Excerpted data Block Start

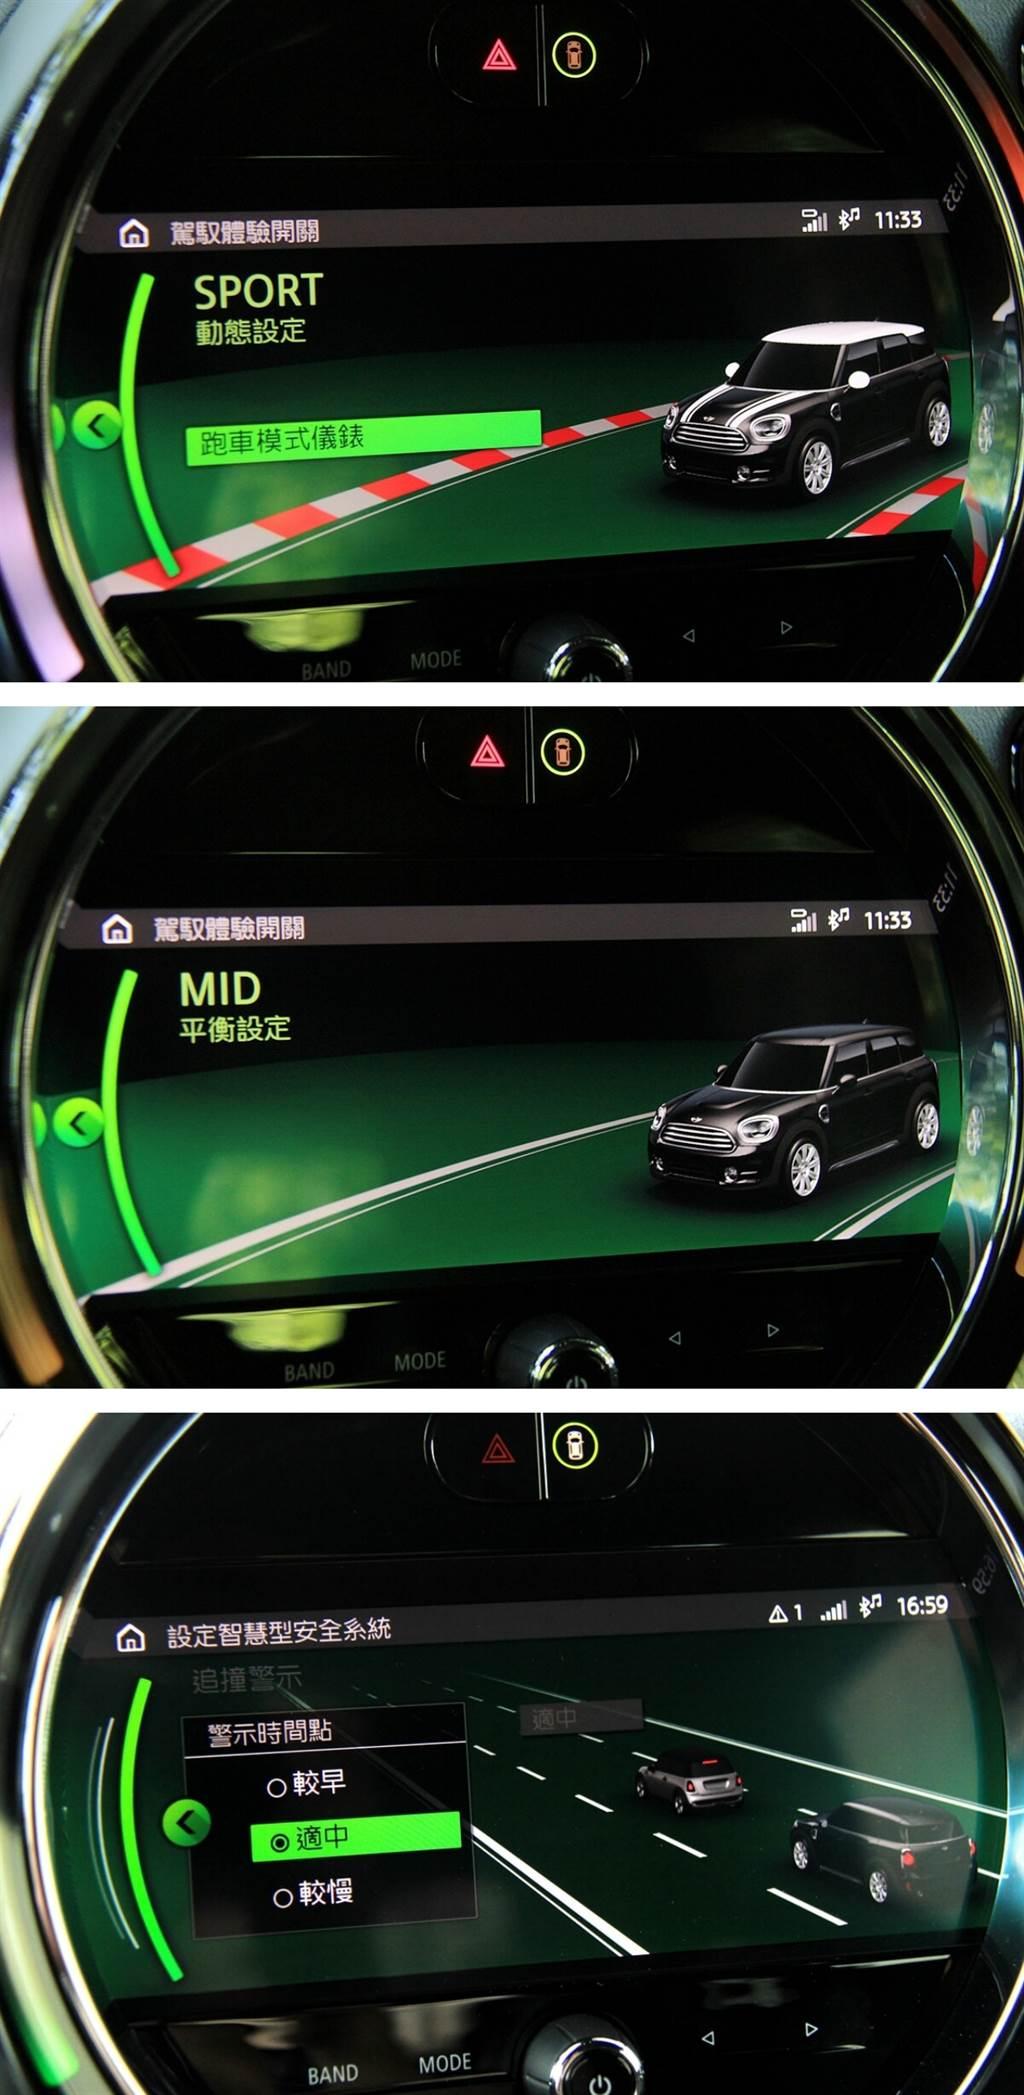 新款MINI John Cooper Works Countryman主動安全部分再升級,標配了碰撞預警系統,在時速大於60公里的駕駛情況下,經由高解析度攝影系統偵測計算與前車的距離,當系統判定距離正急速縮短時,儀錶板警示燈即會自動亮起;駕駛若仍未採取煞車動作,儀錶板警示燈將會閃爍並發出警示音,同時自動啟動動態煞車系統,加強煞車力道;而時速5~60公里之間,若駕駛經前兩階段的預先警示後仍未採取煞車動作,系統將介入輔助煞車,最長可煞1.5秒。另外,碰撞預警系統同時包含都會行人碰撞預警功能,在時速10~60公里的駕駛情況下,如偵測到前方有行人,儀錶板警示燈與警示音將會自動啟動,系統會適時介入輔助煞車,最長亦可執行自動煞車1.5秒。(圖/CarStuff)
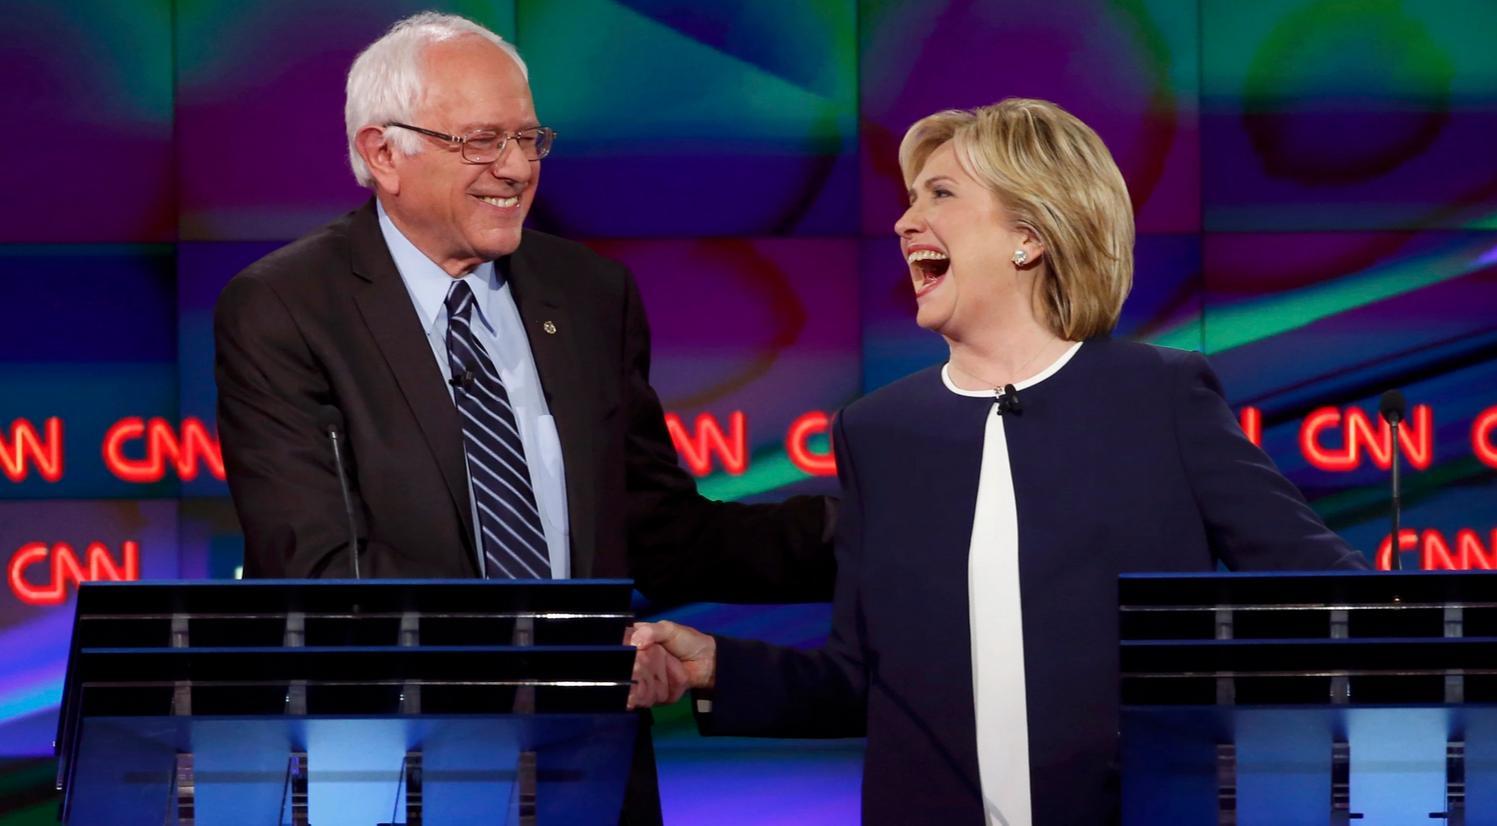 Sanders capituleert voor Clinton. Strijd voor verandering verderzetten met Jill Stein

Excerpted data Block End
Excerpted data Block Start

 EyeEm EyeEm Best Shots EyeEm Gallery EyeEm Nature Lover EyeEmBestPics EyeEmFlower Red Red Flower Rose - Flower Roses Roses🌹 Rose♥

Excerpted data Block End

Give back exactly the lines above from the one with "新款MINI John Cooper" through the one with "Sanders capituleert voor", both included. Pictures don't belong in the copy.

 新款MINI John Cooper Works Countryman主動安全部分再升級,標配了碰撞預警系統,在時速大於60公里的駕駛情況下,經由高解析度攝影系統偵測計算與前車的距離,當系統判定距離正急速縮短時,儀錶板警示燈即會自動亮起;駕駛若仍未採取煞車動作,儀錶板警示燈將會閃爍並發出警示音,同時自動啟動動態煞車系統,加強煞車力道;而時速5~60公里之間,若駕駛經前兩階段的預先警示後仍未採取煞車動作,系統將介入輔助煞車,最長可煞1.5秒。另外,碰撞預警系統同時包含都會行人碰撞預警功能,在時速10~60公里的駕駛情況下,如偵測到前方有行人,儀錶板警示燈與警示音將會自動啟動,系統會適時介入輔助煞車,最長亦可執行自動煞車1.5秒。(圖/CarStuff)
 Sanders capituleert voor Clinton. Strijd voor verandering verderzetten met Jill Stein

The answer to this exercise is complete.